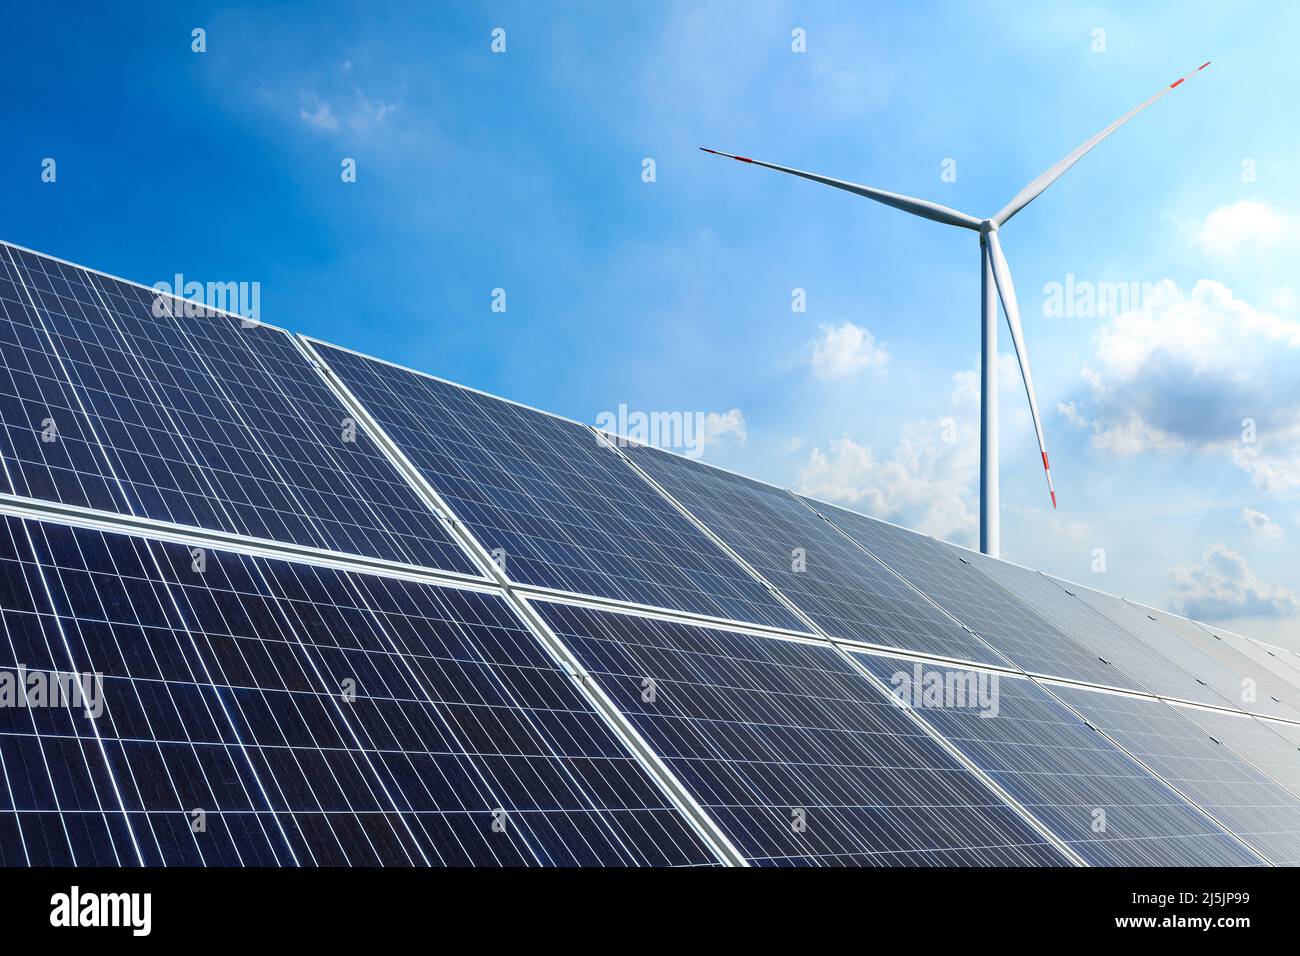 Sonnenkollektoren und Windkraftanlagen Landschaft unter blauem Himmel. Konzept für grüne Energie. Stockfoto
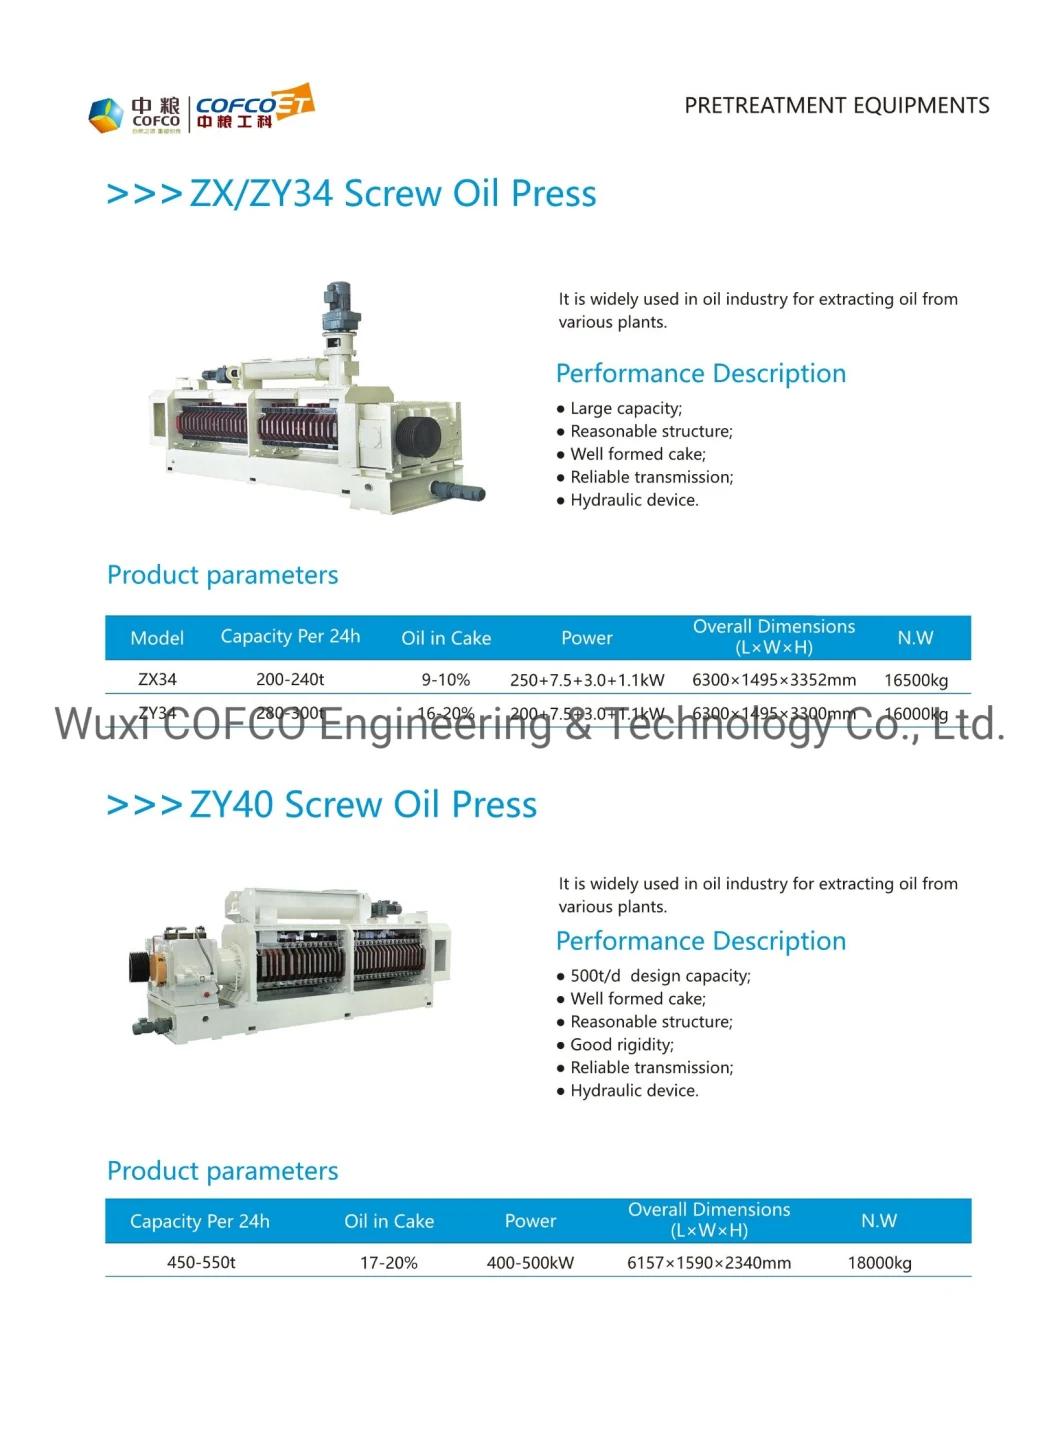 COFCOET ZX/ZY Series Oil Press
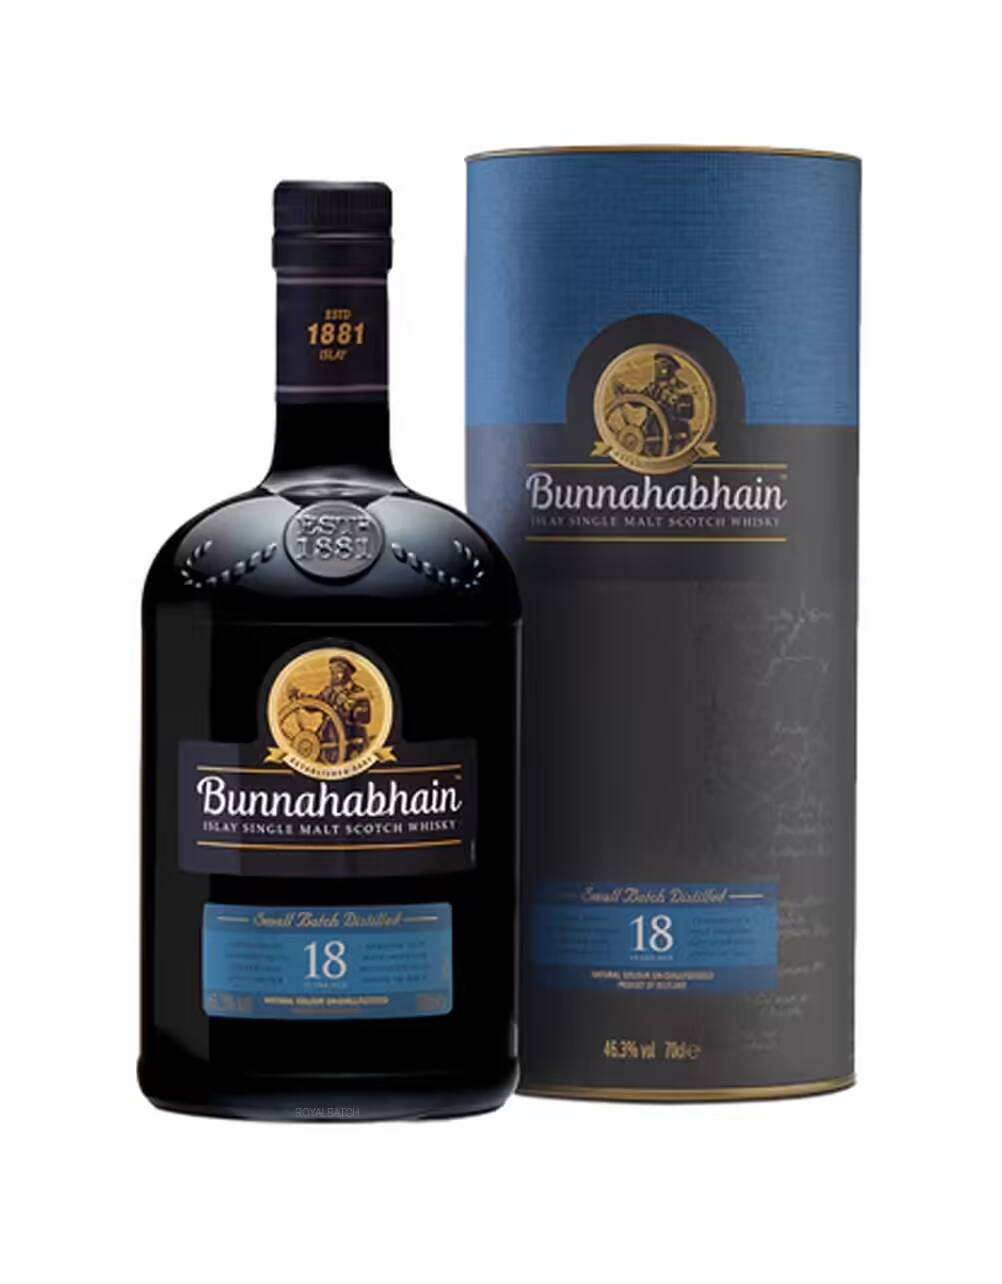 Bunnahabhain 18 Year Old Small Batch Single Malt Scotch Whisky
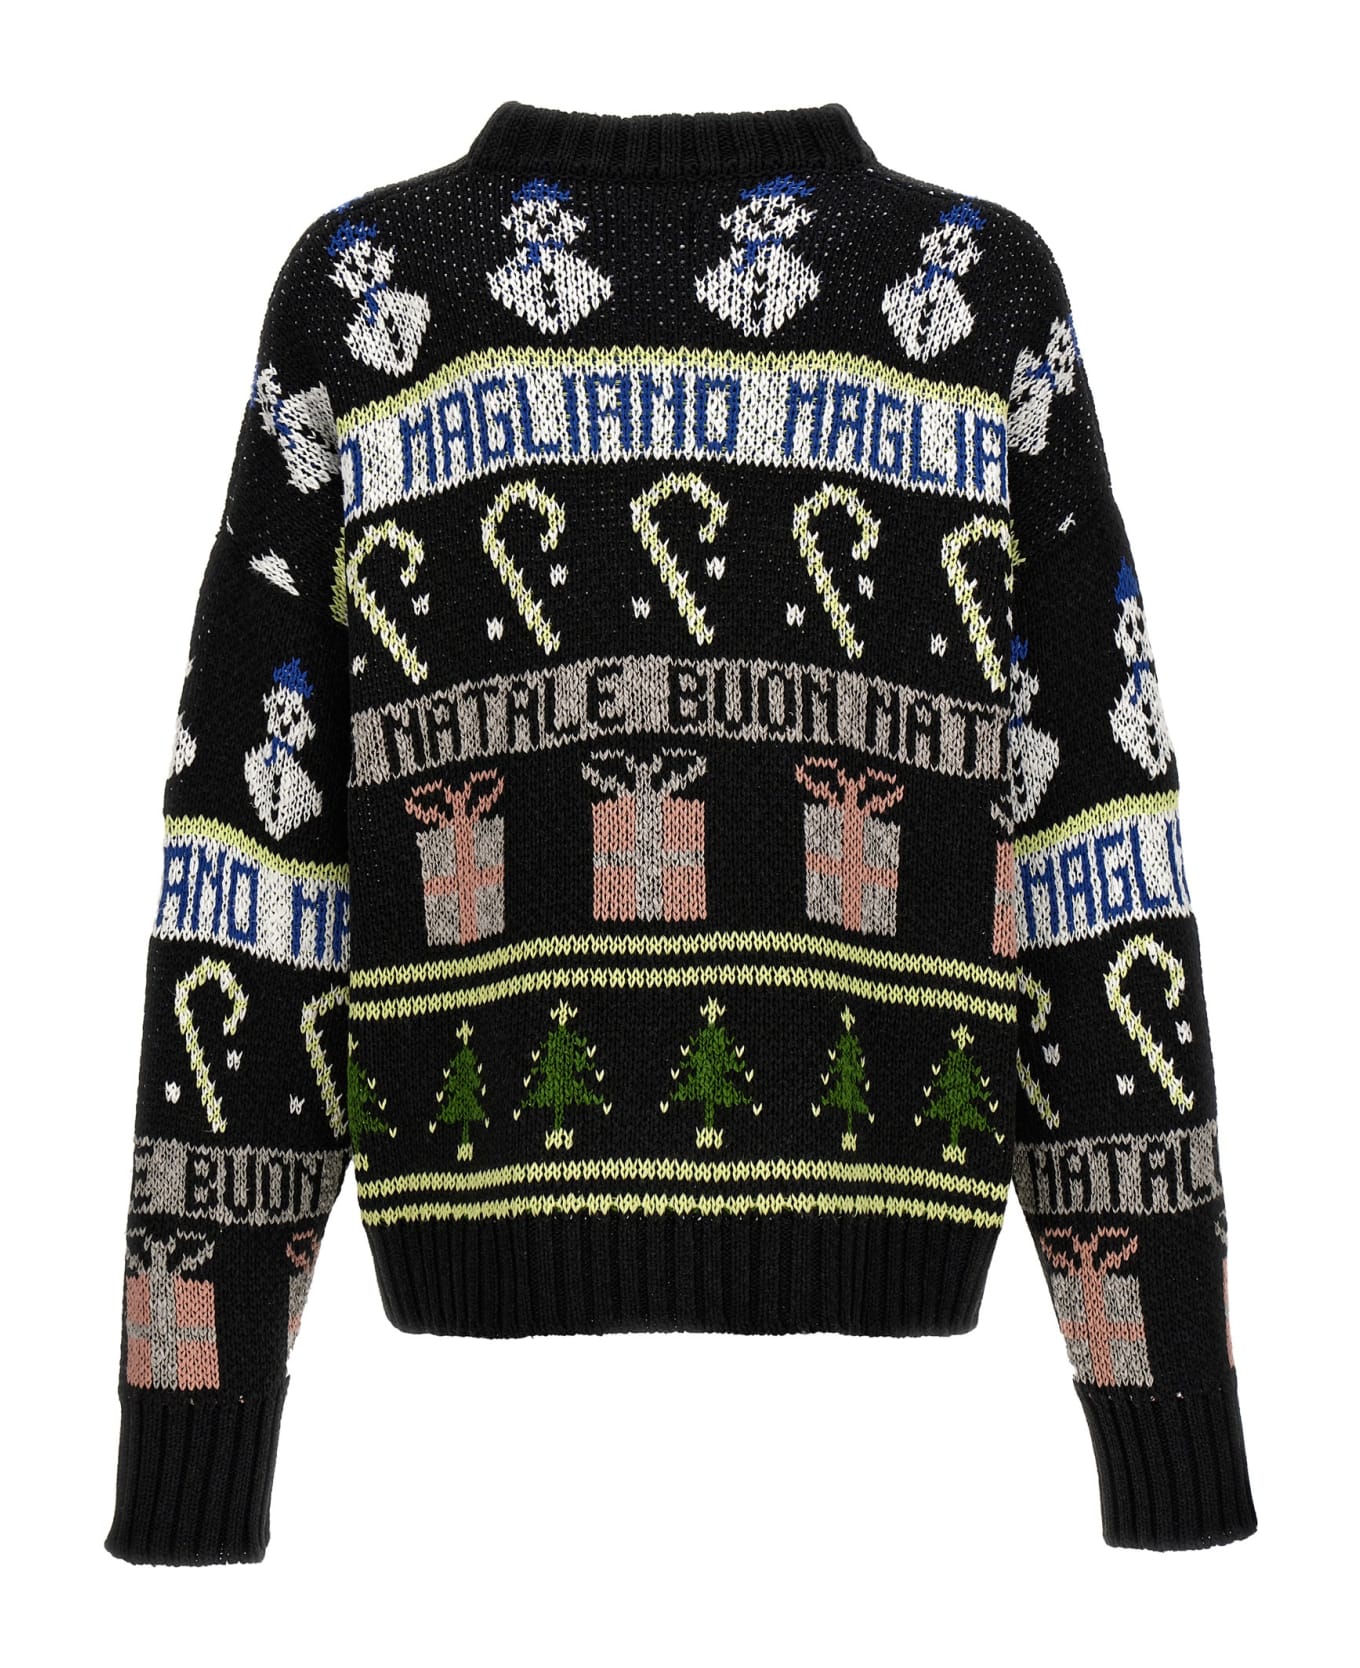 Magliano 'buone Feste' Sweater - Black   ニットウェア

==============================

▸ **WHAT THE TASK REQUIRES**
Copy every line of the listing above exactly. Leave each picture out.

▸ **EXERCISE SOLUTION**
 Sonnenkollektoren und Windkraftanlagen Landschaft unter blauem Himmel. Konzept für grüne Energie. Stockfoto
 COFCOET ZX/ZY Series Oil Press
 Bunnahabhain 18 Year Old Small Batch Single Malt Scotch Whisky
 Magliano 'buone Feste' Sweater - Black   ニットウェア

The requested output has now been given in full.